Thursday 19 November 2009

The Splitting of Birds

Taxonomy is an intricate, complex and often weird business that usually fills birders, or at least the keen listers amongst them, with no insignificant amount of joy nowadays, as taxonomy has more and more evolved into the Fine Art of Splitting Birds.

In other words, what was regarded as a single species with distinct subspecies or subpopulations in the past is now often re-evaluated as comprising two factual species.

If you've never seen any of the forms involved, you'll neutrally acknowledge the split.
If you've seen one of the two forms, it won't change anything which means no benefit but also no harm done.
If you've seen both forms, let the corks pop, you have an "arm-chair tick"!

However, we mustn't forget that all armchair-ticks come at a price, and that this price may seriously jeopardize our joy of watching birds. As a constant reminder, let us look at the recent taxonomic history of the Herring Gull, Larus argentatus:

Once upon a time, not so very long ago, all silvery-backed large white-headed and -tailed Gulls of the northern hemisphere were called Herring Gulls. The bird below, photographed on the Baltic Sea shores of Germany recently, is a fine example of this magnificent species.

Herring Gull during the Golden Age of the species

However, European researchers soon realized that the Mediterranean and central Asian populations were indeed not of the same species and the Herring Gull was split. We'll neglect the taxonomic fate of the Mediterranean and central Asian forms for now and focus on the remainder, the Herring Gull that was now confined to the shores of Northern Europe and large parts of North America. This bird, depicted below, was surely still majestic but had somehow lost a significant part of its former glamour.

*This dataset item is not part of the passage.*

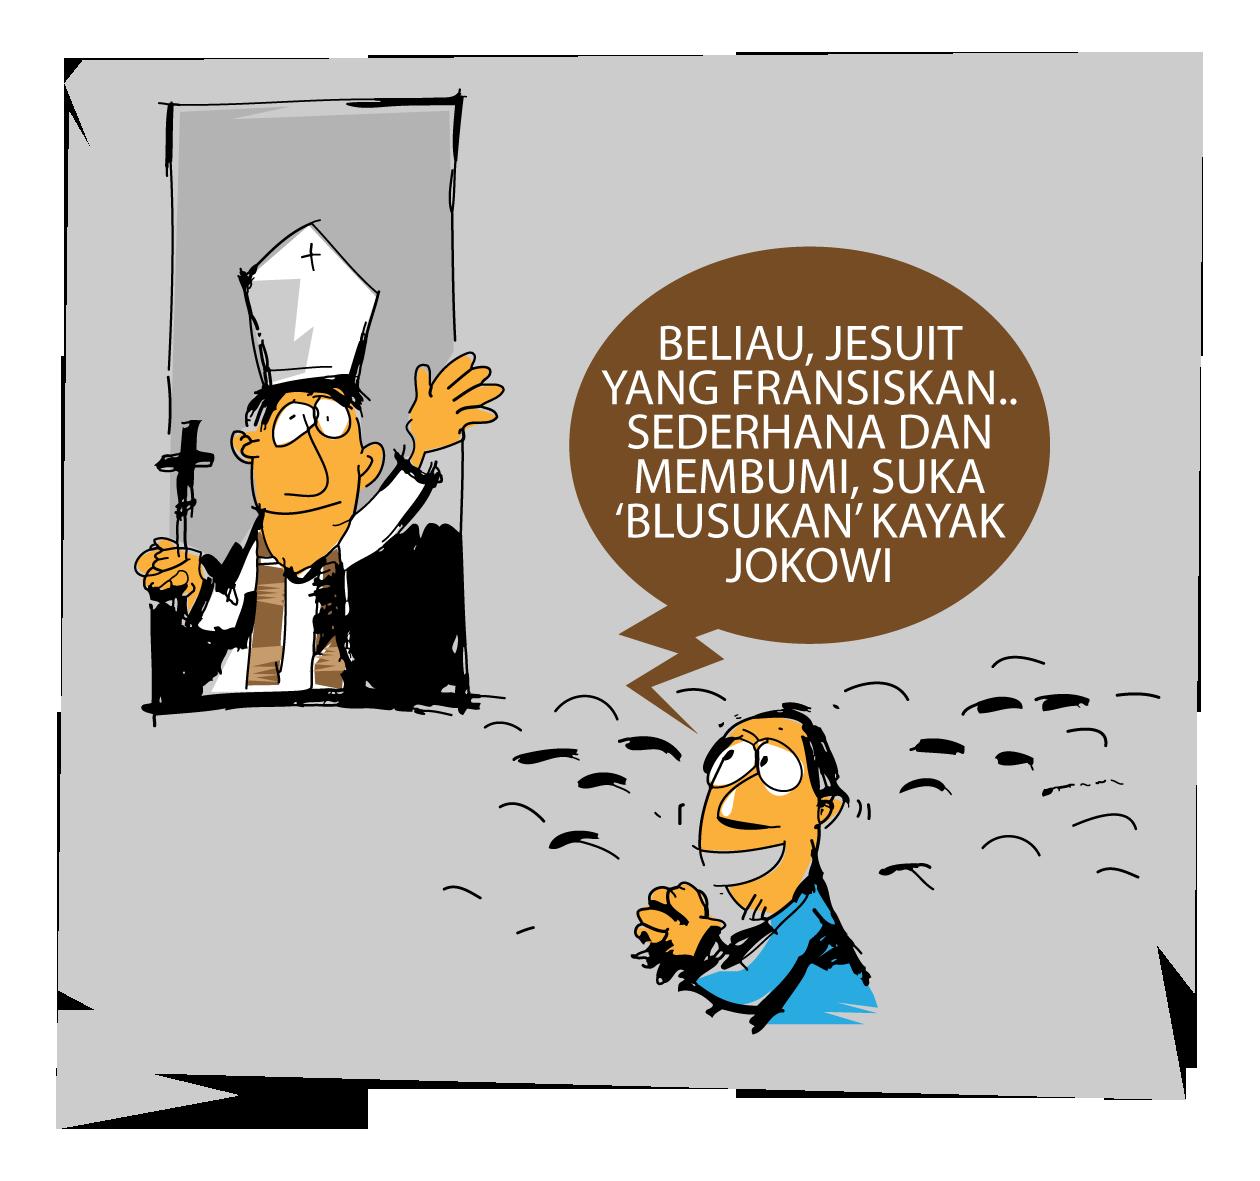 Gereja Kartun Cliparts

The gull of former world dominion after losing the Mediterranean and central Asia

As if losing the lush dumps of the south hadn't already been a severe blow to the poor Herring Gull, more bad news came in form of a genetic comparison of the remaining populations in North America and the Old Europe: turns out both forms of what was presumed the same species aren't even each other's closest relative, so another splitting event was due and the Herring Gull lost a significant part of its kingdom again, confining it to the cold and often miserable northern part of Europe. The sorry remains of what was once a shining regent of an Empire can be seen below.

Crippled by taxonomy, a European Herring Gull would love to look at a brighter future ahead but fails due to losing its head

Now, firm supporters of progressive taxonomy might point out that the remaining European Herring Gulls can be separated into two forms, the south-western subspecies argenteus and the Baltic and Scandinavian form argentatus and that both forms differ significantly in many, many ways (that might one day be analysed here or on Birder Hyde, we'll see).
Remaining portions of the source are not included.